Ах, этот день в Тюильри! Я отправилась туда вместе с «моей милочкой», она была страшно взволнована, тем более что за нами прислали адъютанта, господина графа де Лаферрьера, человека чрезвычайно любезного, но ужасно чопорного, он должен был представить нас императрице Евгении. Когда мы, проезжая по Королевской улице, остановились, к нам подошел генерал, друг де Лаферрьера, чтобы поприветствовать нас, на прощанье он воскликнул:

– Желаю удачи!

И в эту минуту проходивший мимо бродяга сказал:

– Удачи?
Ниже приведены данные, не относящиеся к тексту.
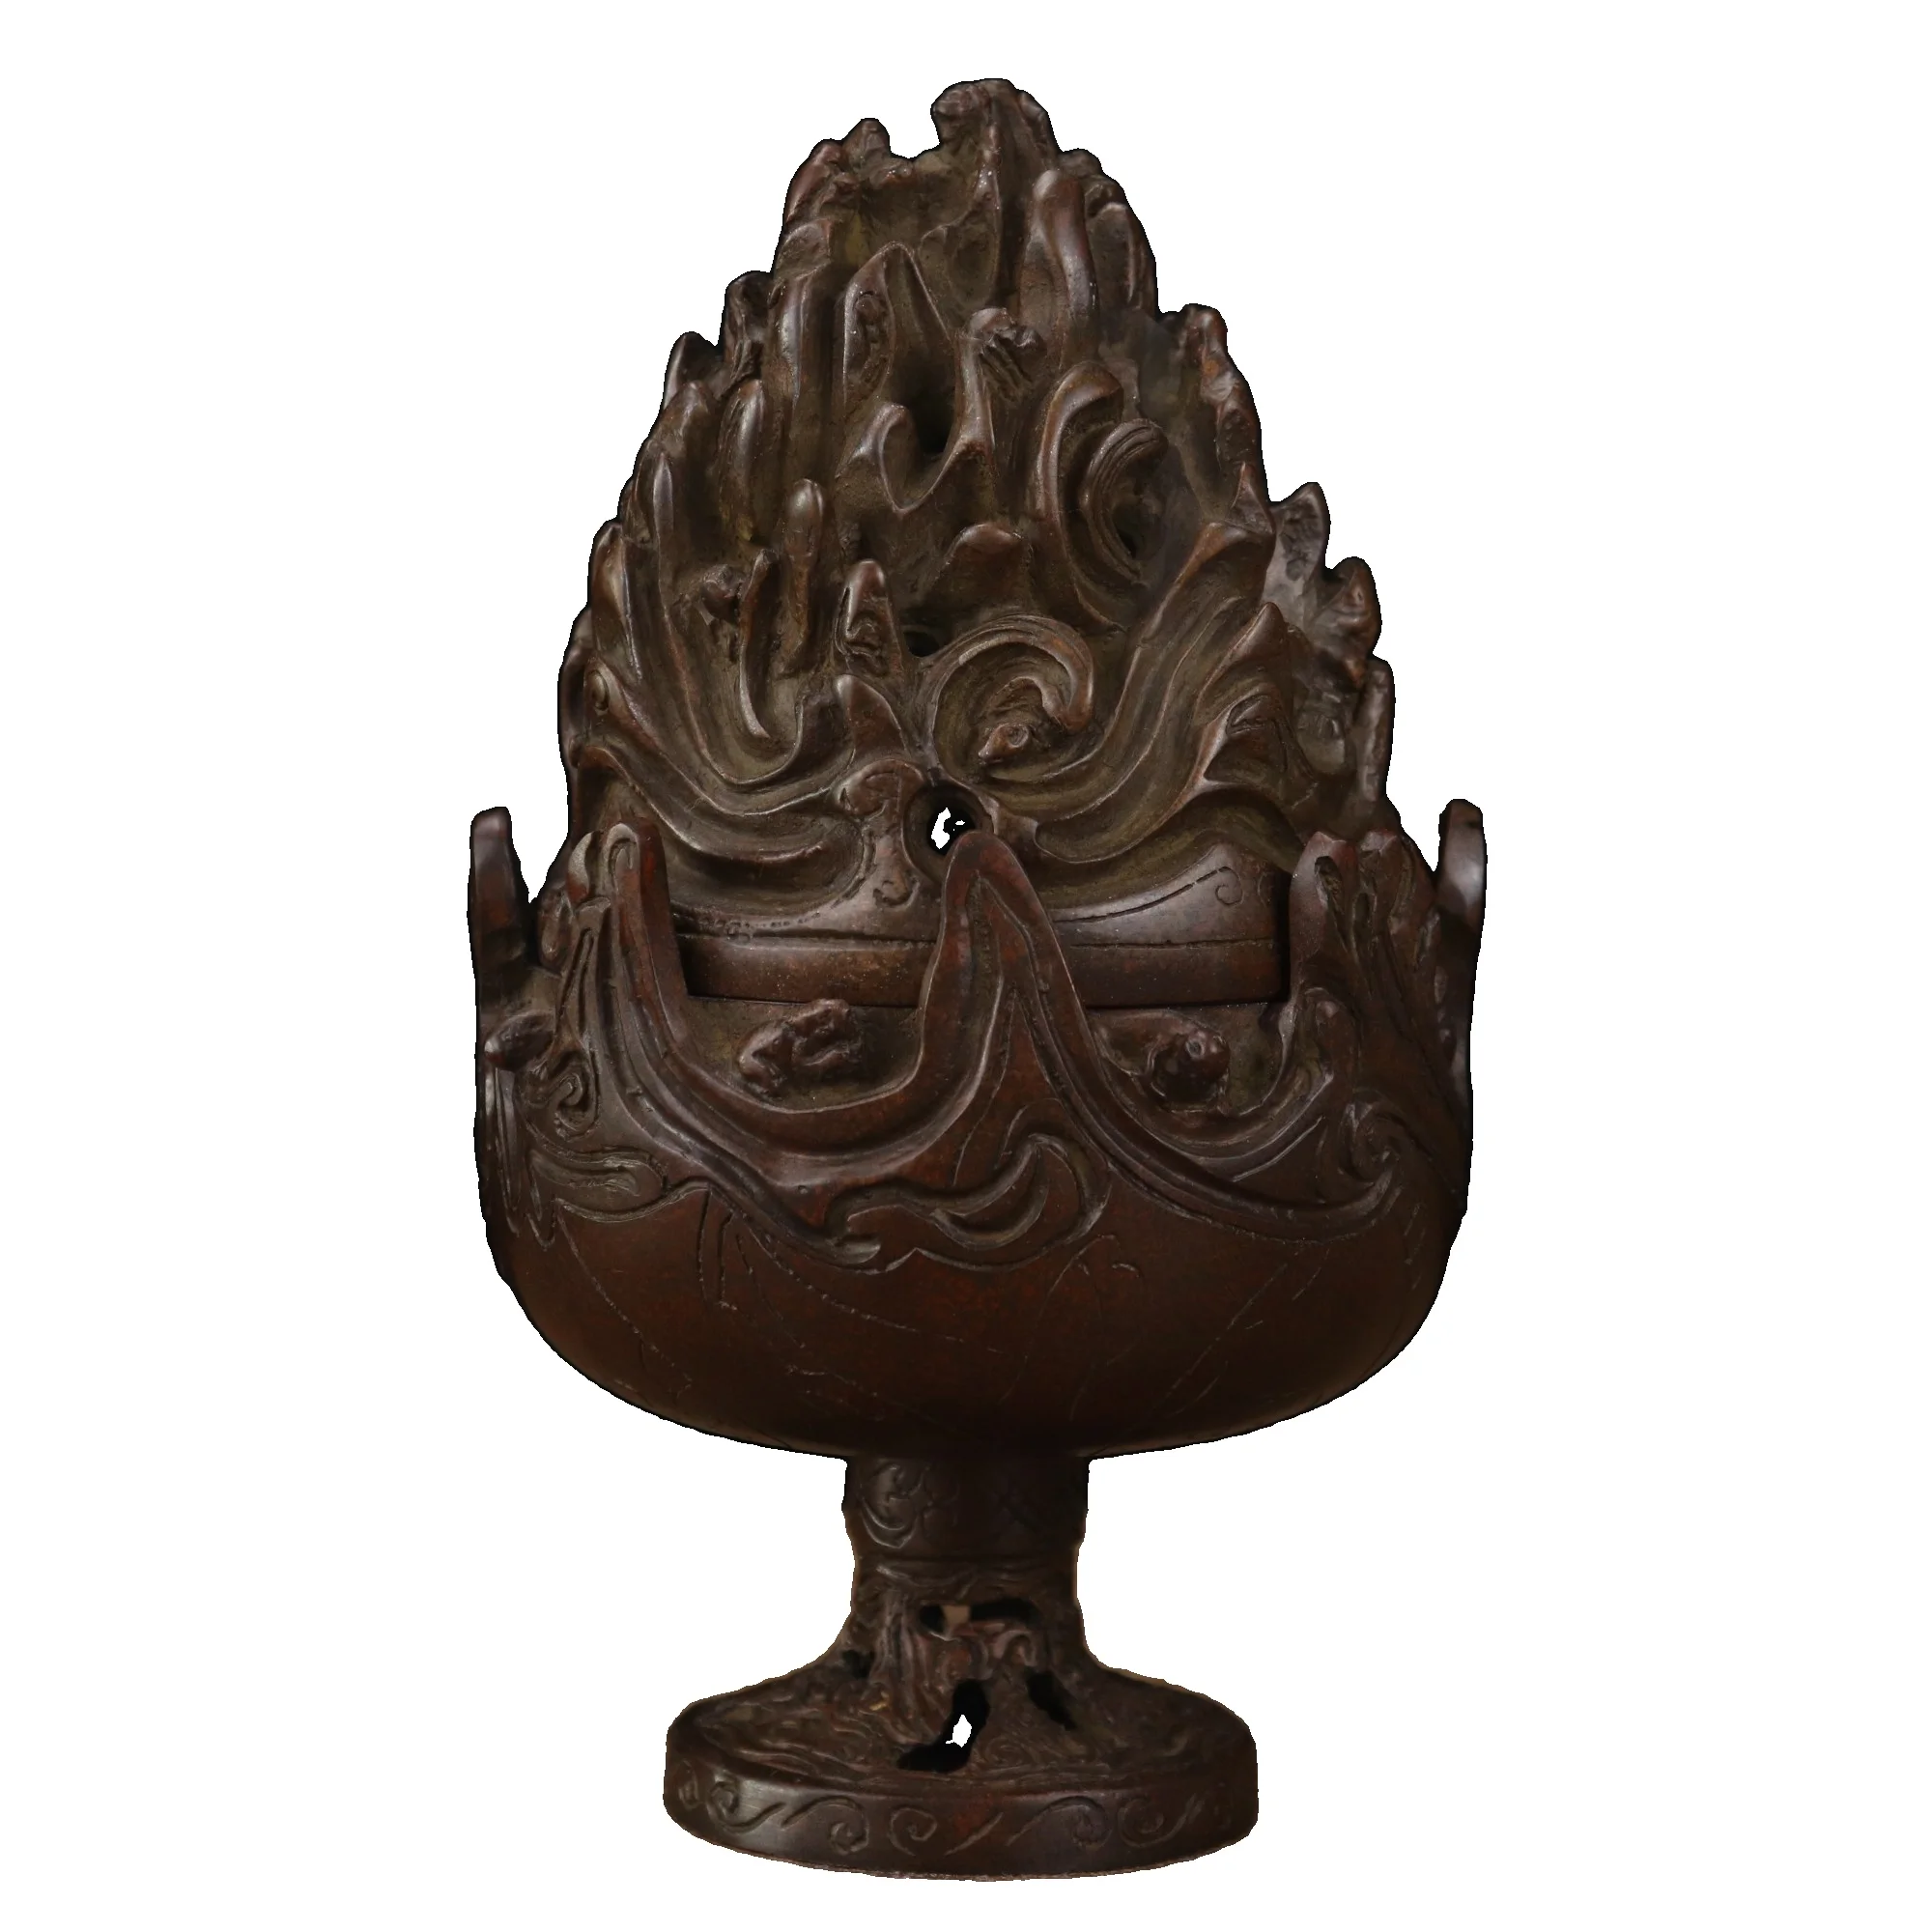 

Laojunlu бронзовая печь династии хань в бошане, имитация античной бронзы, коллекция шедевров в традиционном китайском стиле

Недолго она вам послужит, банда бездельников!

У Лаферрьера был такой негодующий вид, и голос этого проходимца по сравнению с изысканными интонациями генерала звучал до того нелепо, возник такой разлад между этой стыдливой любезностью и столь бесстыдной грубостью, что на меня напал смех, и когда мы добрались до Тюильри, в глазах у меня стояли слезы из-за усилий, которые я прилагала, чтобы удержаться от смеха, а тут еще отчаянные реверансы в салоне, которые я репетировала перед «моей милочкой», интересуясь ее мнением относительно моего изящества и пытаясь прийти в себя. Увы! Император появился у меня за спиной неожиданно и, застав меня за этой репетицией, вынужден был кашлянуть, чтобы остановить мои упражнения. Неуверенно шагая от смущения, я последовала за ним, сделала невыразительный реверанс перед императрицей и уныло прошествовала по пышным апартаментам, вместо того чтобы любоваться ими. Впрочем, мое настроение никогда не соответствовало торжественным случаям: на похоронах мне всегда хотелось смеяться, на бракосочетаниях – плакать и богохульствовать на крестинах! Может, поэтому я так люблю театр: там, по крайней мере, моя роль полностью прописана, оставалось лишь следовать ей, думая о чем-либо другом, о том, что приходило мне в голову и что, увы, никогда не подтверждалось чувствами (разве только в отношении Мориса, который уже в ту пору жаловался, что у него мать – птичка. «Мама-птичка», любил повторять он).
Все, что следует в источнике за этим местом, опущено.